Cookie base: Combine the almonds and sugar in a food processor. Grind until the almonds are pulverized.
Beat the egg whites with the salt to soft peaks, then slowly beat in the powdered sugar and rice flour. Beat until the mixture is stiff. Fold in the vanilla and almond extracts, and the pulverized nuts. Drop rounded tablespoons of batter onto the baking sheets.
Bake for 12 to 15 minutes, or until the surface of the cookies feels firm and the cookies are golden around the edges. Using a wide spatula, immediately remove the cookies to a rack to cool completely.
For the mousse filling: Make a simple syrup by combining the water and sugar in a saucepan and simmering for 5 minutes. Put the yolks in the top of a double boiler over hot water (keep on a low burner). Beat 1 tablespoon of the hot simple syrup into the yolks to temper them, then slowly drizzle the remaining syrup into the yolks, beating constantly.

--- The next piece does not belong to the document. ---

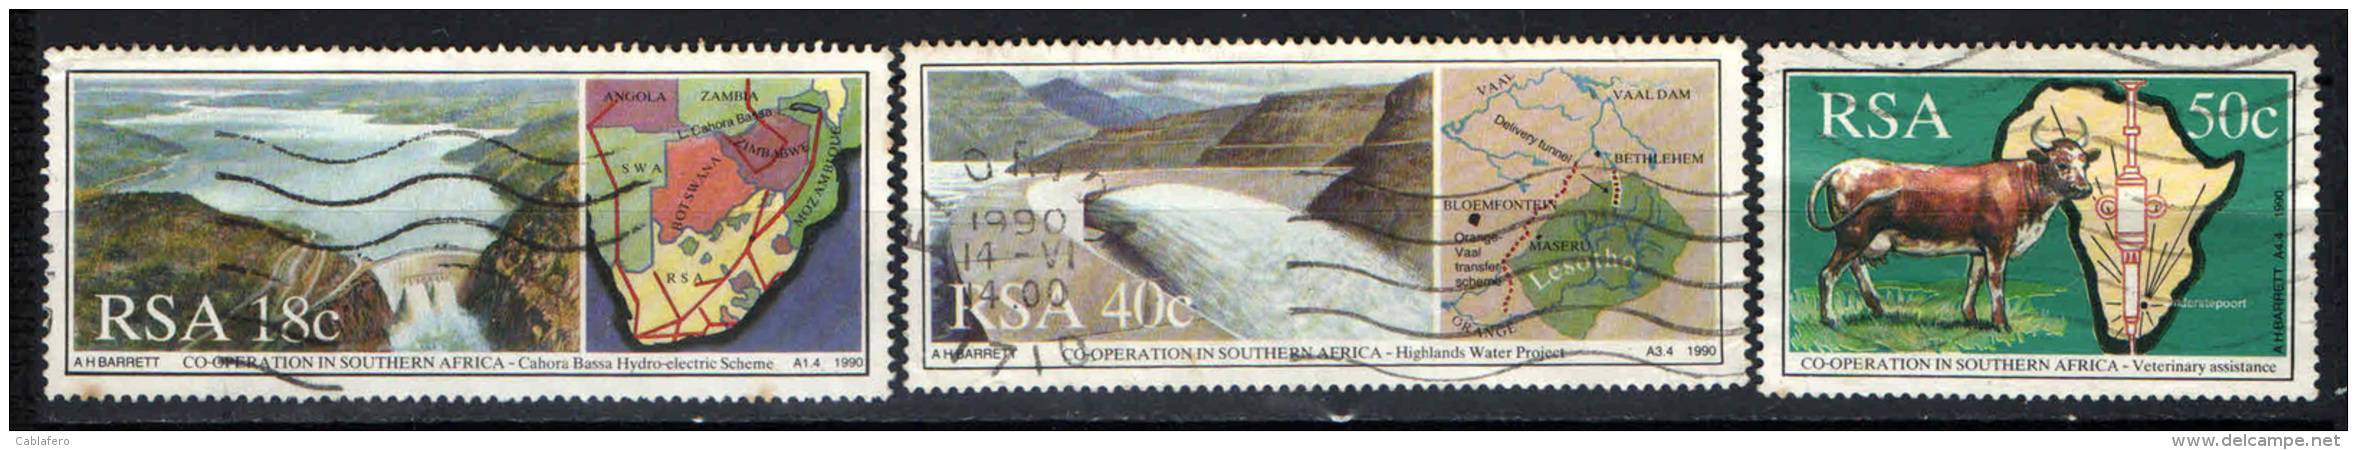 SUD AFRICA - 1990 - MAPPE DEL SUDAFRICA - USATI - Used Stamps

Cook for about 1 minute, or until slightly thickened. Do not overcook or the yolks will scramble. Remove the top of the double boiler from the bottom and let the yolk mixture cool to room temperature.
Melt the chocolate in a microwave (50% power) for 120 to 150 seconds. Let cool to room temperature. Whisk together the yolk mixture and chocolate.
Whip the cream until soft peaks form and fold into the chocolate. Cover and refrigerate for about 20 to 30 minutes.
To fill the cookies: Turn each cookie upside down so the flat side is facing up. Place a generous tablespoon of mousse on the flat side. When you have filled all of the cookies, place in a single layer in a dish with edges to help keep them facing up. Cover with plastic wrap and freeze.
To prepare chocolate coating: Melt the chocolate with the shortening in the top of a double boiler. Let cool to lukewarm (don't let it cool completely or it will be too thick).
Remove the cookies from the freezer and dip each, mousse-side down, into the chocolate coating. Do this quickly so the mousse doesn't break down.
Place the cookies chocolate-side up back in the dish. Refrigerate for at least 15 minutes before serving.
These keep well stored in an air-tight container in the refrigerator for up to 3 days.
Historical background: The cookie was originally created in Sweden for the famous actress. A proper Sarah is a crisp almond macaroon with a chocolate filling, and it's dipped in best-quality melted chocolate. Biting through the layers of cookie, mousse and crisp chocolate coating is the wonder of it all.